**TASK DESCRIPTION**
Output only the lines below from the one holding "Louis Vuitton Batignolles Handbag 386960" down to the one holding "Ligne Maginot - 36T", both end lines included and every picture dropped.

**RAW DATA**
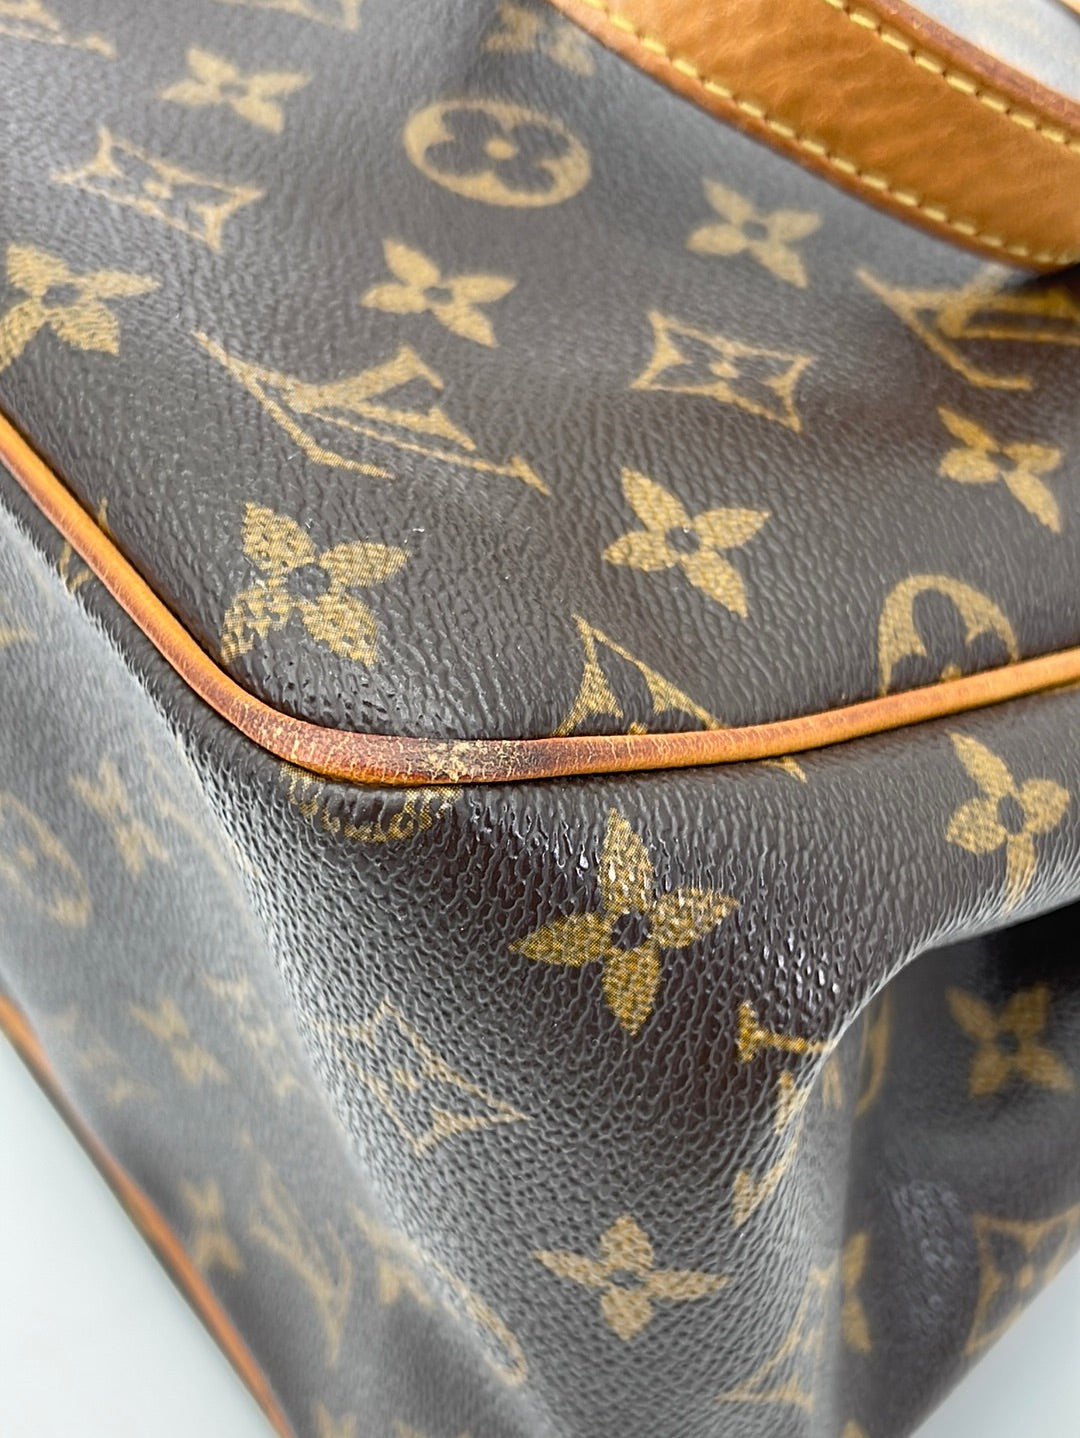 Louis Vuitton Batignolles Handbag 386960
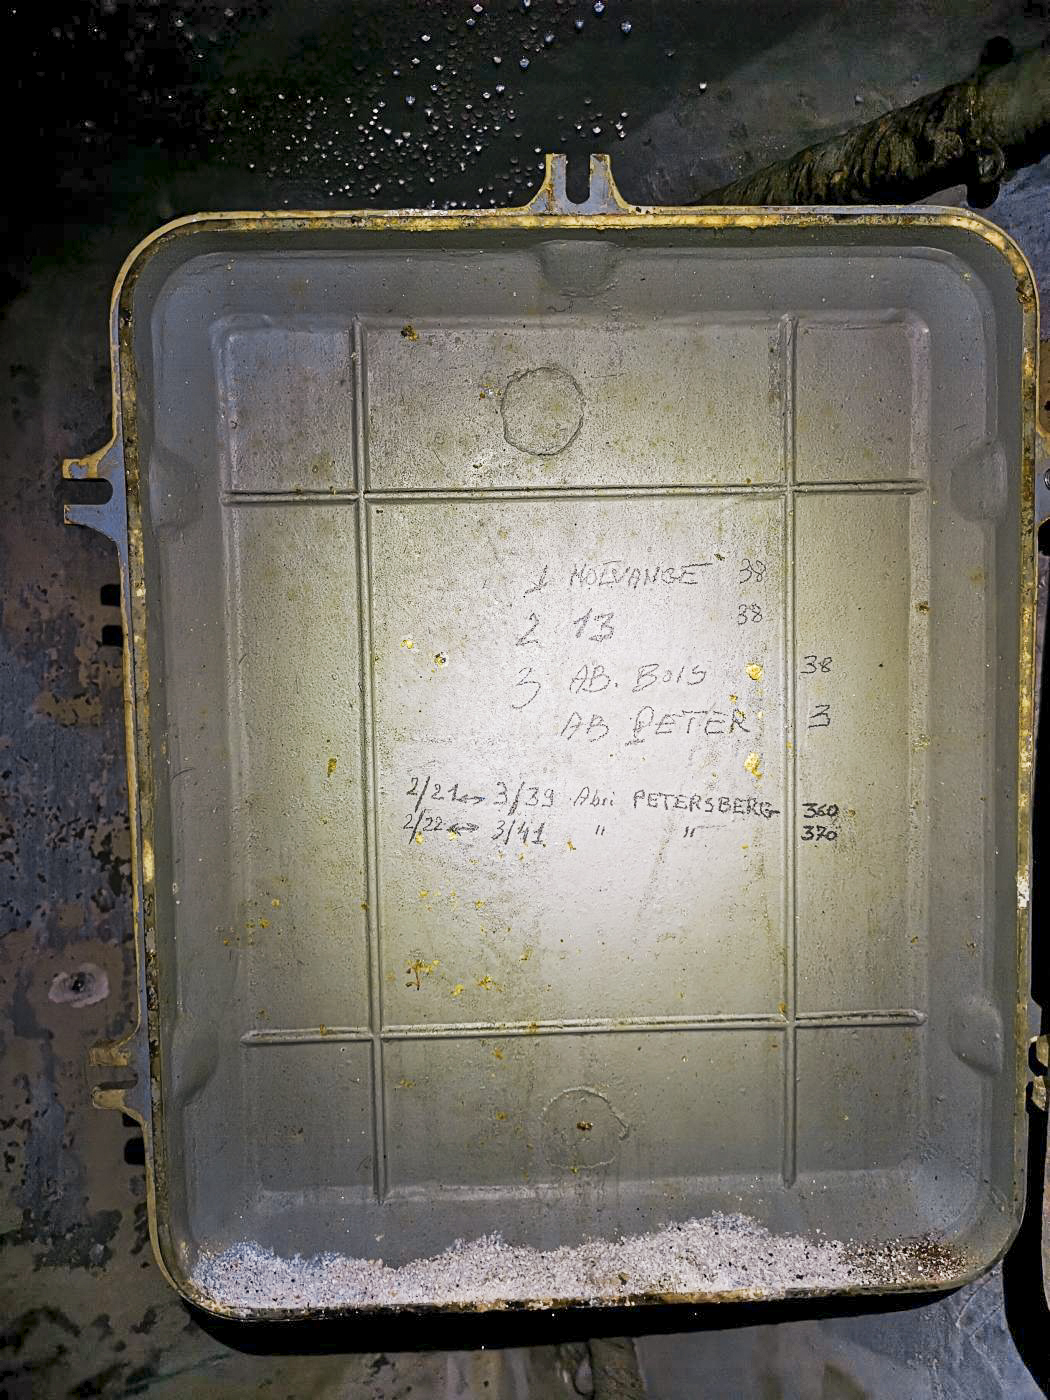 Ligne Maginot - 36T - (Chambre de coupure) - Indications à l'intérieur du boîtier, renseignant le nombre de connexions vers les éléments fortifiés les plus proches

---

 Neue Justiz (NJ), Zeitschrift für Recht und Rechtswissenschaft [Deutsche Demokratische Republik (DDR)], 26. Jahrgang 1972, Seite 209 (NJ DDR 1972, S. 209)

**RESULT**
 Louis Vuitton Batignolles Handbag 386960
 Ligne Maginot - 36T - (Chambre de coupure) - Indications à l'intérieur du boîtier, renseignant le nombre de connexions vers les éléments fortifiés les plus proches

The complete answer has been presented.